Pessimism is a mental state characterized by a tendency to focus on negative or unfavorable aspects of a situation.
This disposition involves a general expectation that things will turn out poorly, or a lack of hope and confidence in the future.
Pessimistic individuals often exhibit a persistent focus on difficulties, a belief that problems are insurmountable, or a tendency to anticipate and prepare for the worst.
This mental state can have significant impacts on an individual's mood, decision-making, and overall well-being.
Researchers studying pessimism utilize a variety of methods, including experimental psychology, neuroscience, and data analysis (e.g., using SAS 9.4, R version 3.6.1, Stata 15, SPSS v20) to better understand the causes, consequences, and potential interventions for pessimistic thinking.

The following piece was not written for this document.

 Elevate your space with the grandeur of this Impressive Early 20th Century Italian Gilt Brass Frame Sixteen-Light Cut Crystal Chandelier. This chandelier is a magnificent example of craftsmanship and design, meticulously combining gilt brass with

The PubCompare.ai platform offers powerful AI-driven tools to assist in this important area of research, helping scientists easily locate the most effective protocols and solutions to support their pessimism studies.
With features like protocol optimization and intelligent comparison tools, PubCompare.ai empowers researchers to identify the best practices and products to advance their work on negative outlok, gloomy disposition, and lack of hope (HO 244966, R version 4.0.2, Stata 14).
By leveraging the power of AI, researchers can enhance their pessimism studies and gain new insights into this critical aspect of mental health and well-being.